# Can you convert a Juwel tank into a terrarium?



## Random Hero (Jul 15, 2008)

Afternoon all!

New to the hobby, new to the forum! Looks a very good place to get my questions answered, so here goes...

I've kept fish for the last 8-9 years, tried my hand at Marines too, and have got my first terrarium setup, housing 2 Leopard Geckos. The bug has really kicked in and I was looking at my Rio 180 the other day and wondered wheher it could be converted into a terrium.

I've done a search and can't find anything on the site related to this question, so guys and girls... can it be done?

I know that there is a problem with ventilation, and the fact that you'd be working on the tank from above, but I think it can be done. 

Does anyone know if it can be done, or of any websites that walk you through how to do it?

Cheers
Paul


----------



## bromley (Jan 17, 2007)

i think its altodo with what you wanna keep in it i had geckos in a tank and i have a three ft tank which i keep fbt in i divided two thirds of the tank with a piece of glass sealed so i have two thirds water and the rest planted area
you can buy reptile lids for for glass tanks


----------



## RasperAndy (Sep 21, 2007)

are you looking to keep frogs or lizards or something?


----------



## Random Hero (Jul 15, 2008)

Bromley - Didn't know you could get viv lids to fit. Do you know a website or a retailer?

Andy - To be honest, I think it'll be lizards. I want to have a forest set up, as I already have a desert setup. I like Anoles, so that'll be most likely next?

Cheers
Paul


----------



## RasperAndy (Sep 21, 2007)

fair enough, 

a lot of people say "get a Viv" but i think you can use what you want if you do it properly

so forest setups, loads of fake or real plants (your choice) the fake plants all come with little suckers on them so they will stick to the glass fine, no problems there, all you need to think about is lighting, but instead of buying a lid, why don't you make your own? (i did in the past)

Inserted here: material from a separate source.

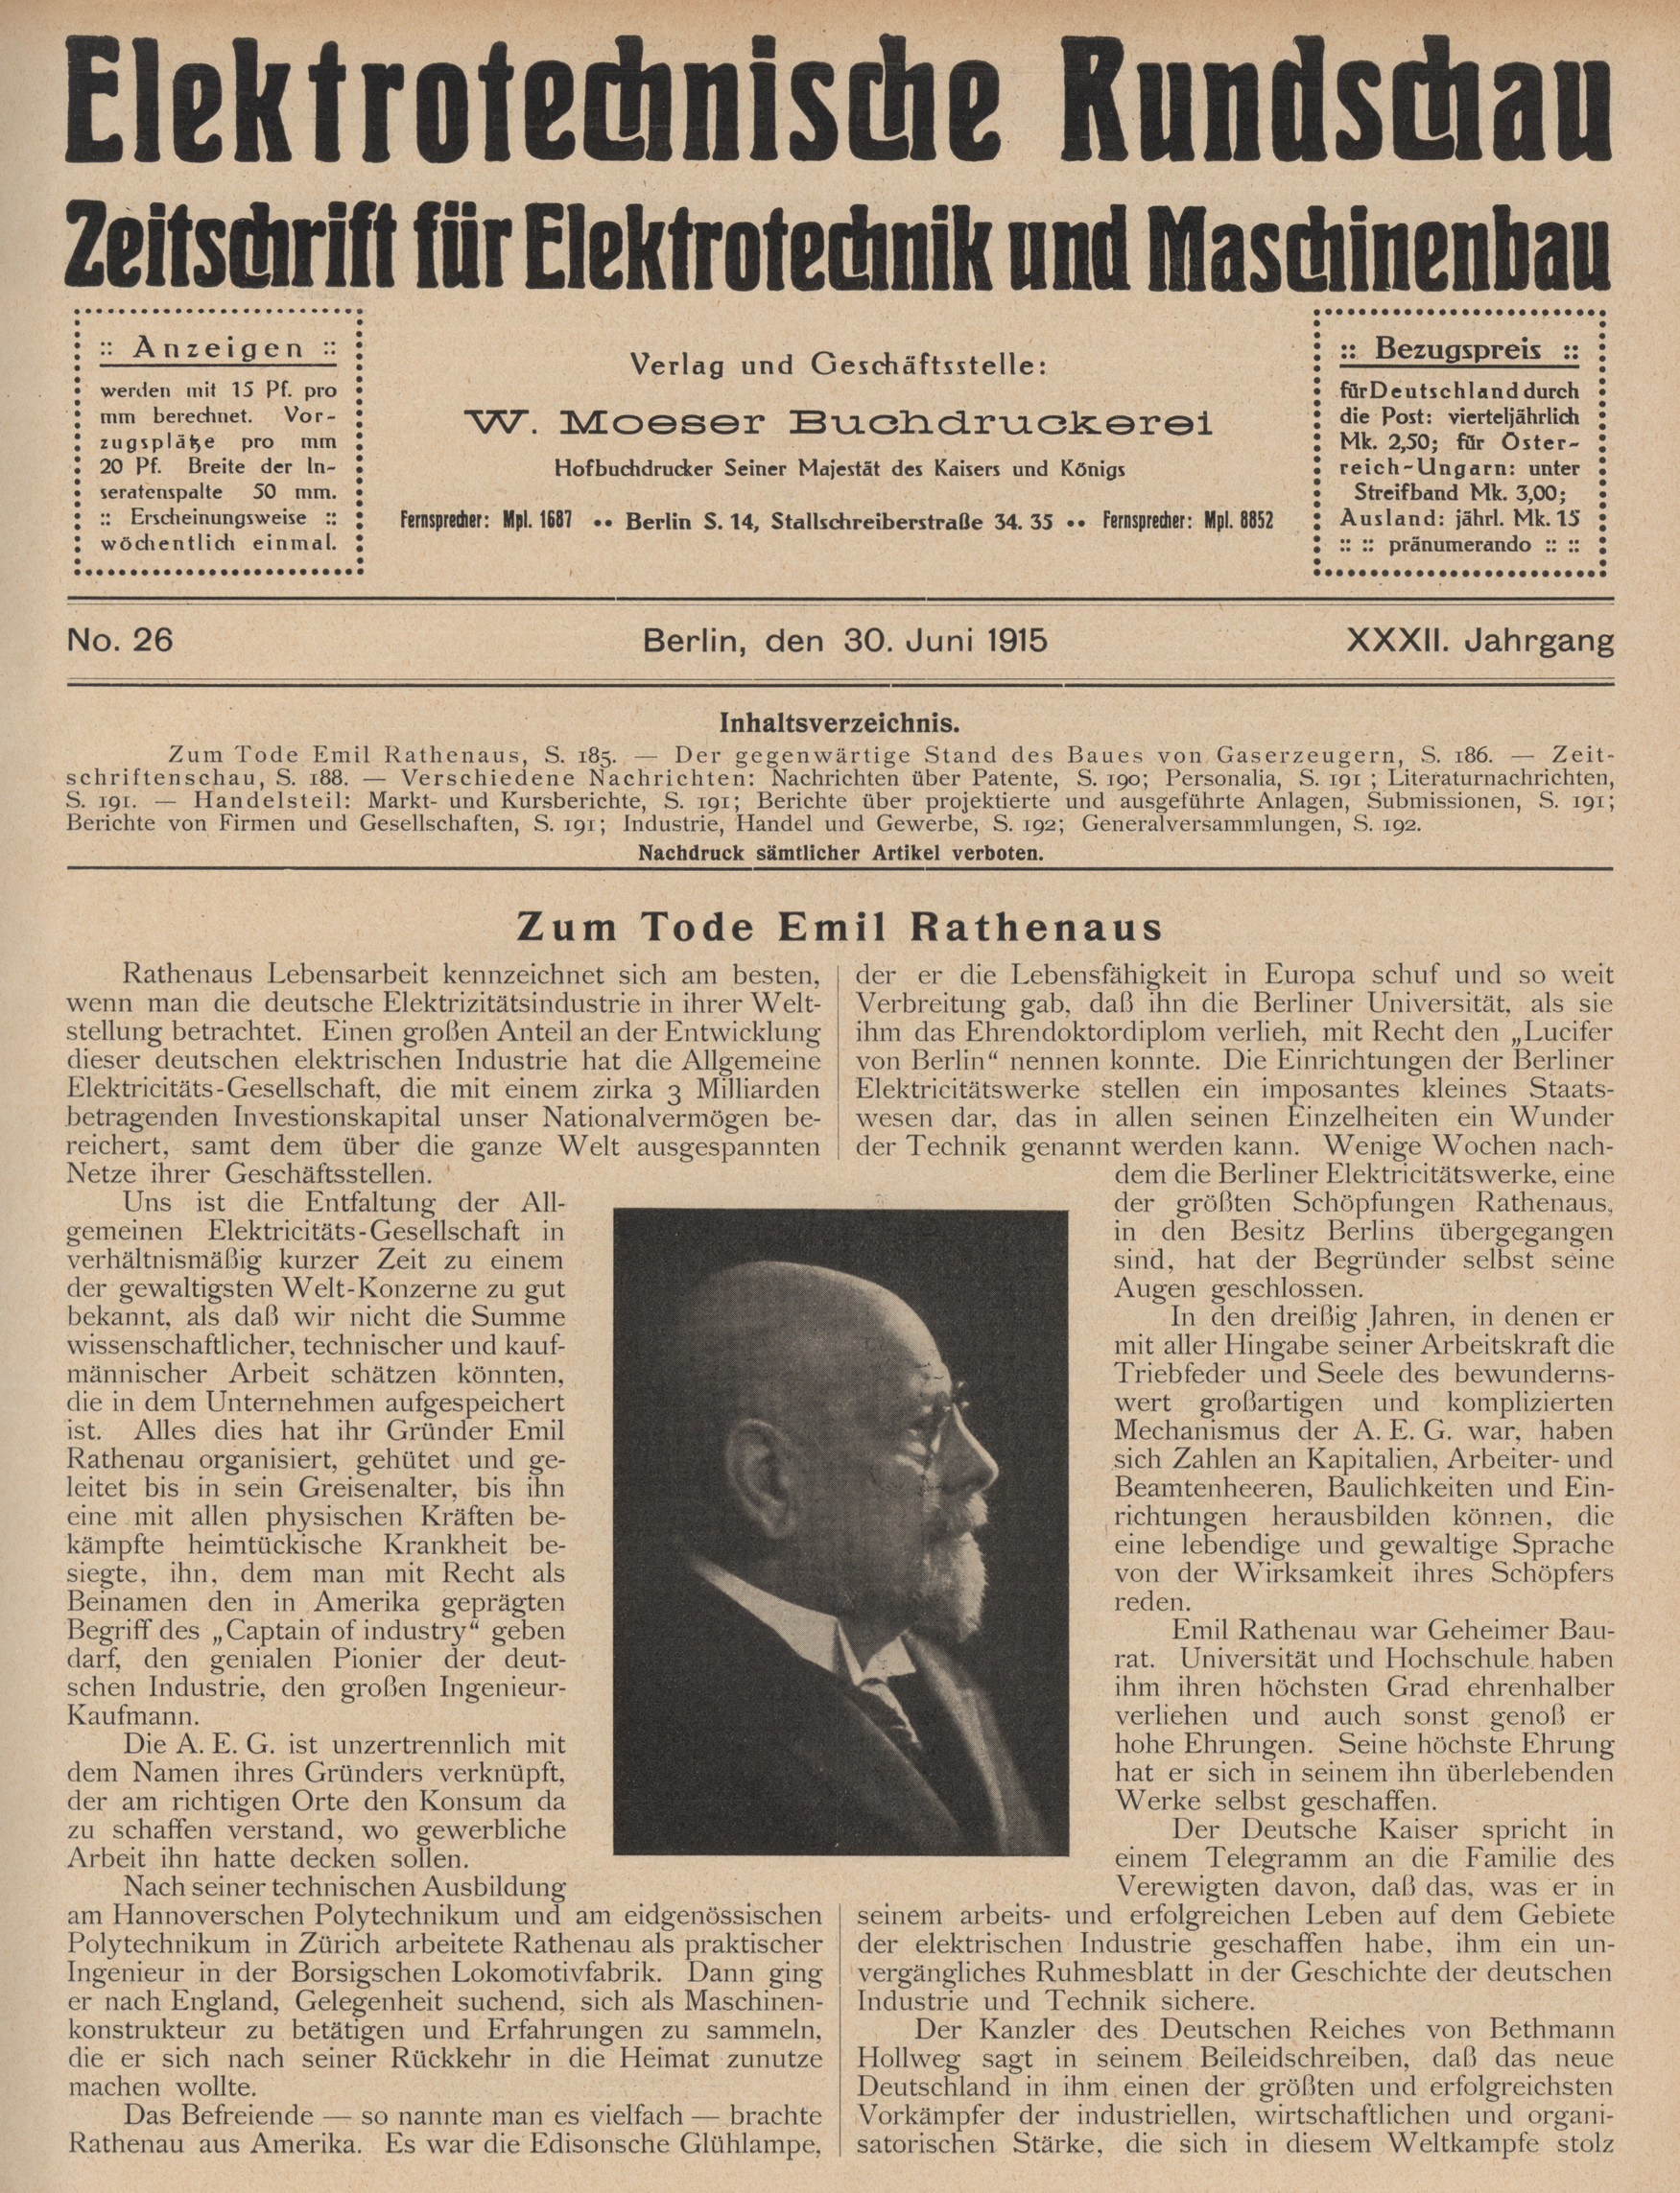 Elektrotechnische Rundschau : Zeitschrift für Elektrotechnik und Maschinenbau + Polytechnische Rundschau, No. 26, XXXII. Jahrgang

nice piece of wood, drilled air holes either a normal drill bit or a 70MM hole cuter to pop some vents in, you could even make a hatch or door with a good old fashioned piano hinge, varnished to a way you like so it looks like furniture, and then you can fit bulb holders and guards, and maybe a U.V strip light if the species you want requires one,

wouldn't worry about the filter as they are tucked away in the corner and wouldn't be used anyway


----------



## RasperAndy (Sep 21, 2007)

totally forgot

if you are using a heat mat, you might want to put something in between the mat and the glass as it might heat up and crack, better to be safe than sorry

all habistat mat-stats or dimming stats come with a nice long cable on the probe so no problem with it going in from the top to where you want it positioned


----------



## Random Hero (Jul 15, 2008)

Cheers Andy!

I'm quite DIY (I work in a tile shop and I'm always making things) and my dad is very good at DIY so I don't envisage any problems with making a hood. 

What would be the best way to ventilate? Very small holed chicken mesh maybe?

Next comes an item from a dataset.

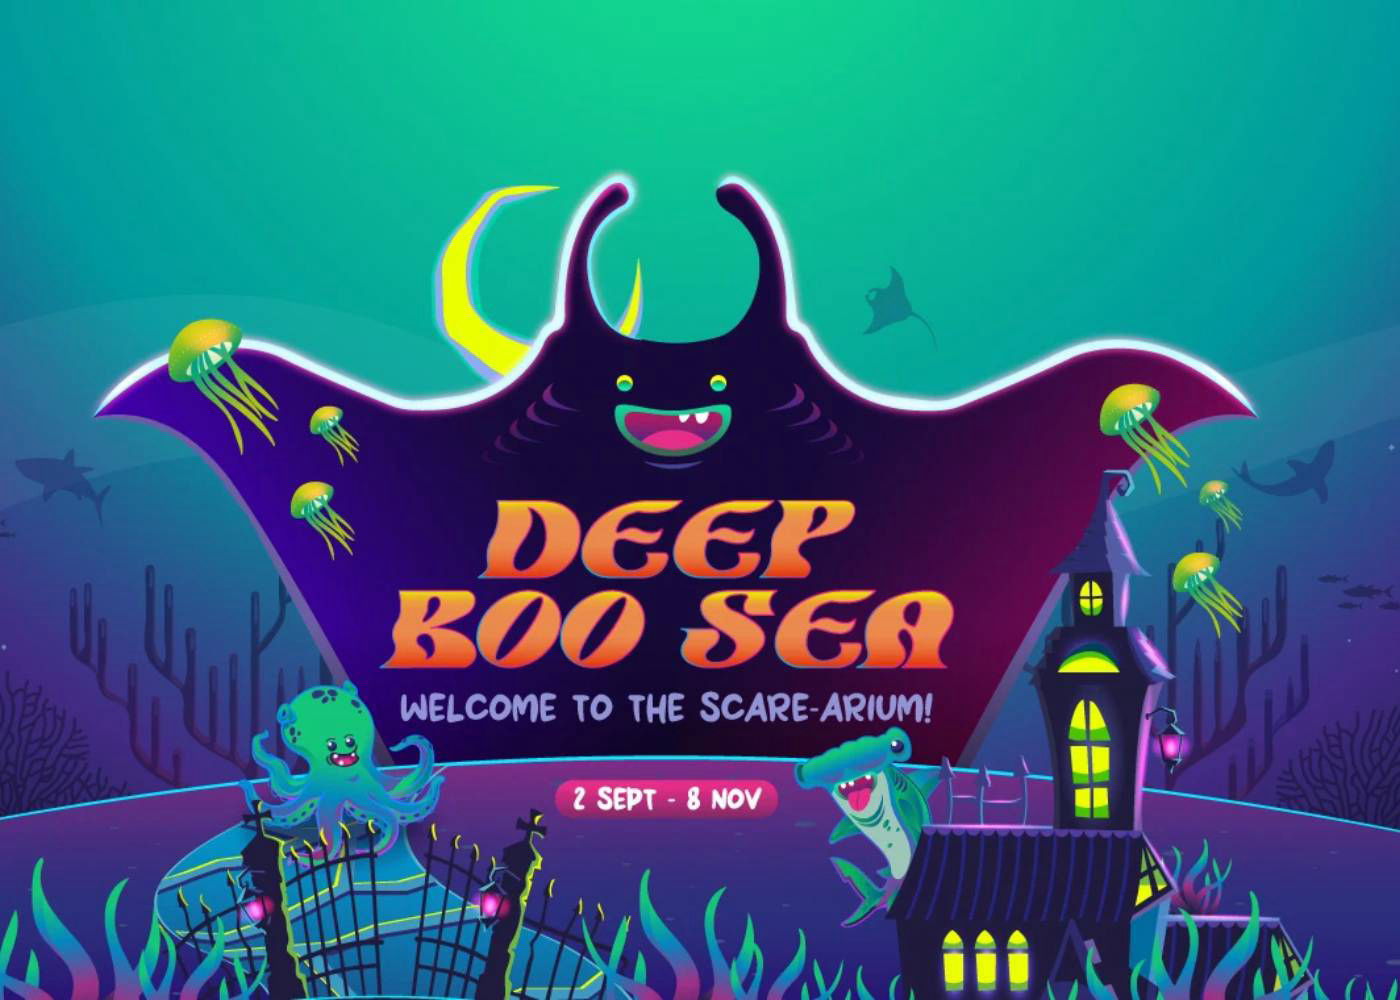 Deep boo sea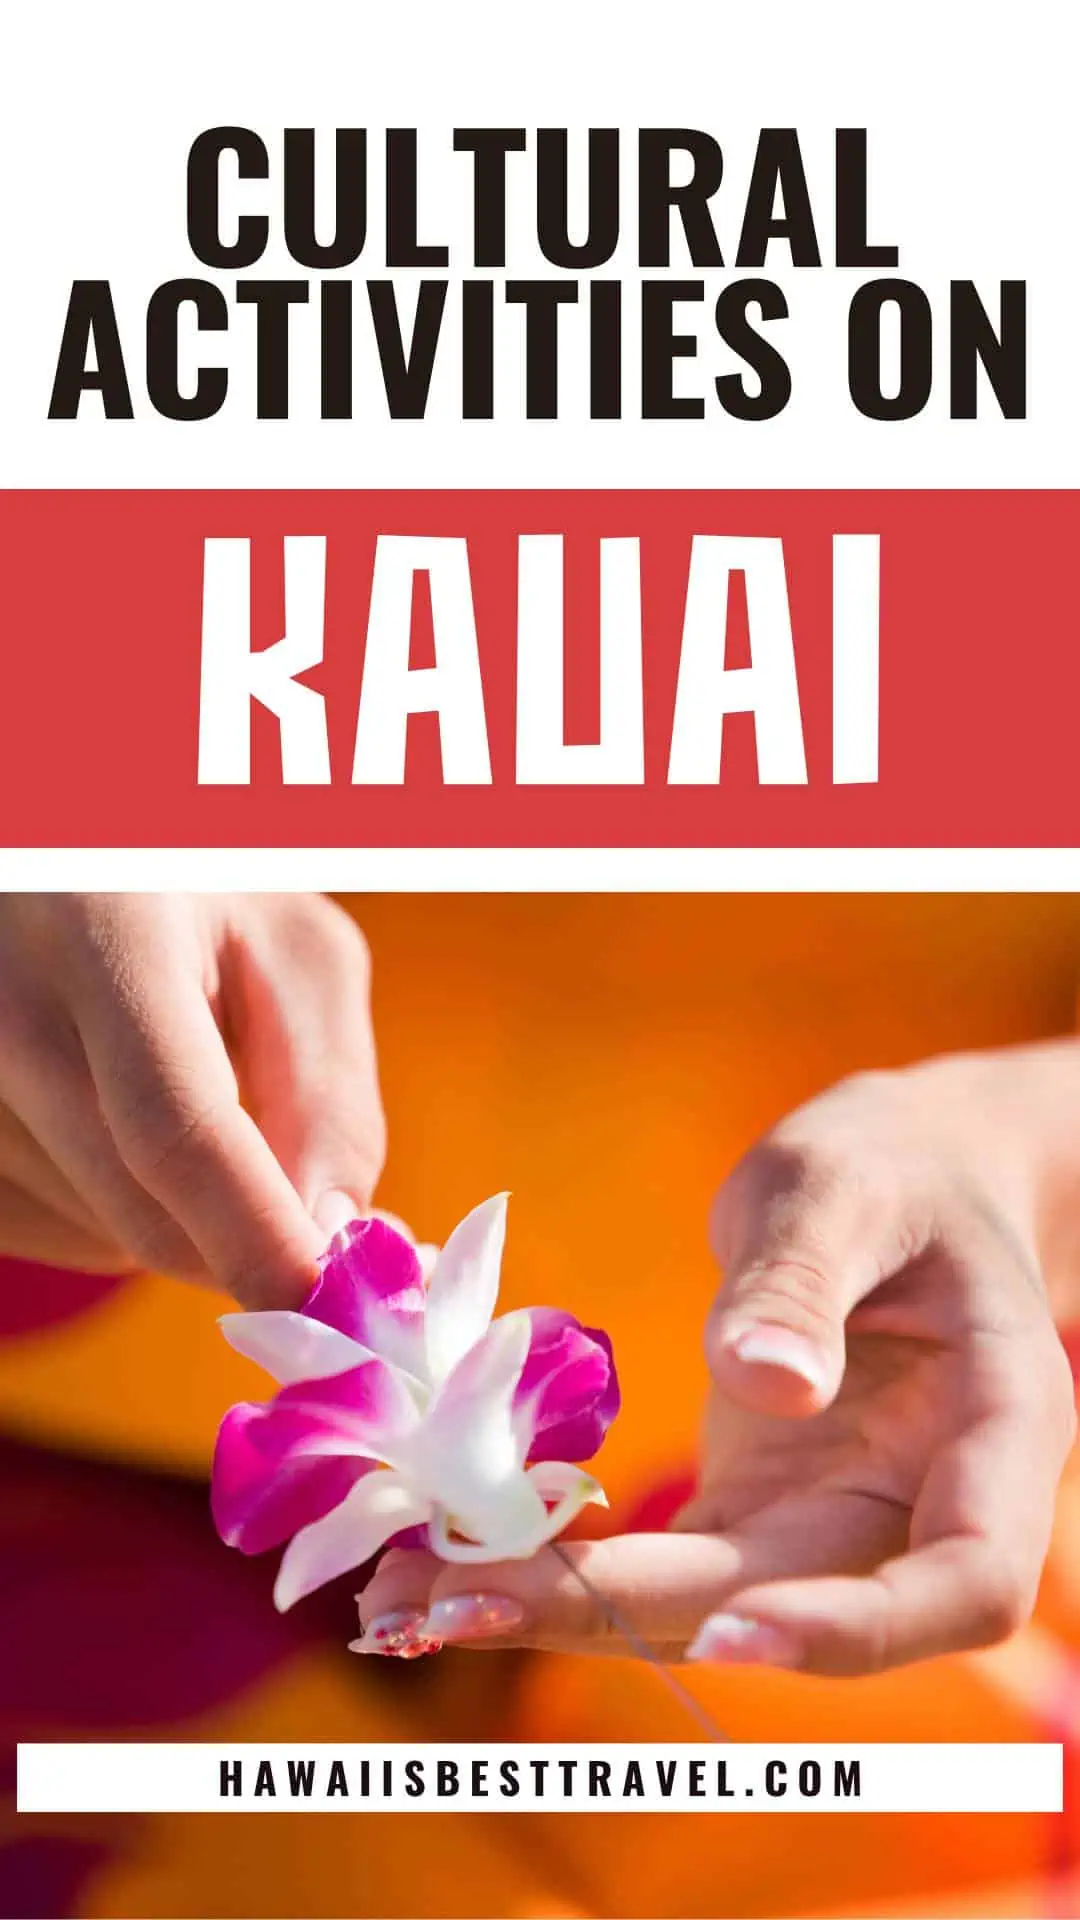 kauai cultural activities - pin

The filter box is only siliconed in so it'll be very easy to remove.

Paul


----------



## RasperAndy (Sep 21, 2007)

DIY shop, drain pipe gutter covers work well as vents, (the small round things to stop things falling inside your pipes) i found them to be around 70mm ish and a lot cheaper

wire mesh is good but it depends on what your keeping......and feeding them

crickets and other insects are good at climbing silicone and will easily get through small holes, and if the misses doesn't like bugs!!!!! she don't like you ha ha

you could use a few pieces of mesh and cross them over each other to make the holes smaller but make sure they still give good air flow


----------



## RasperAndy (Sep 21, 2007)

and if you work in a tile shop you could use tiles on the bottom (wipe clean) :2thumb:

i use slate tiles for my beardies, they wipe clean and they are quite rough so they keep the nails down, i love them


----------



## Random Hero (Jul 15, 2008)

Ah, slate. Never thought of that! I have slate coming out of my ears at work!

It'll be crickets I feed them, so I can get a really fine mesh to cover it.


----------



## RasperAndy (Sep 21, 2007)

i love slate, i use it in my bearded dragon Viv's, my fish tank, everywhere i can really, 

plus it looks great with a lizard sitting on top of it basking in the heat :2thumb:

good luck with your set-up mate (happy DIY)

and :welcome: to the forum/addiction


----------



## Random Hero (Jul 15, 2008)

I only got my LGs less than three weeks ago and I'm hooked. The girlfriend isn't overly keen on my newest hobby. And she wants to us to move in eventually. She'll have to get used to it!


----------



## RasperAndy (Sep 21, 2007)

Random Hero said:


> I only got my LGs less than three weeks ago and I'm hooked. The girlfriend isn't overly keen on my newest hobby. And she wants to us to move in eventually. She'll have to get used to it!


ha ha love it,

just wait until she starts finding crickets all over the place :lol2:

they are the worlds greatest escape artists


----------



## Random Hero (Jul 15, 2008)

I've lost one so far. Don't tell my mum!:whistling2:

She'd go mental...


----------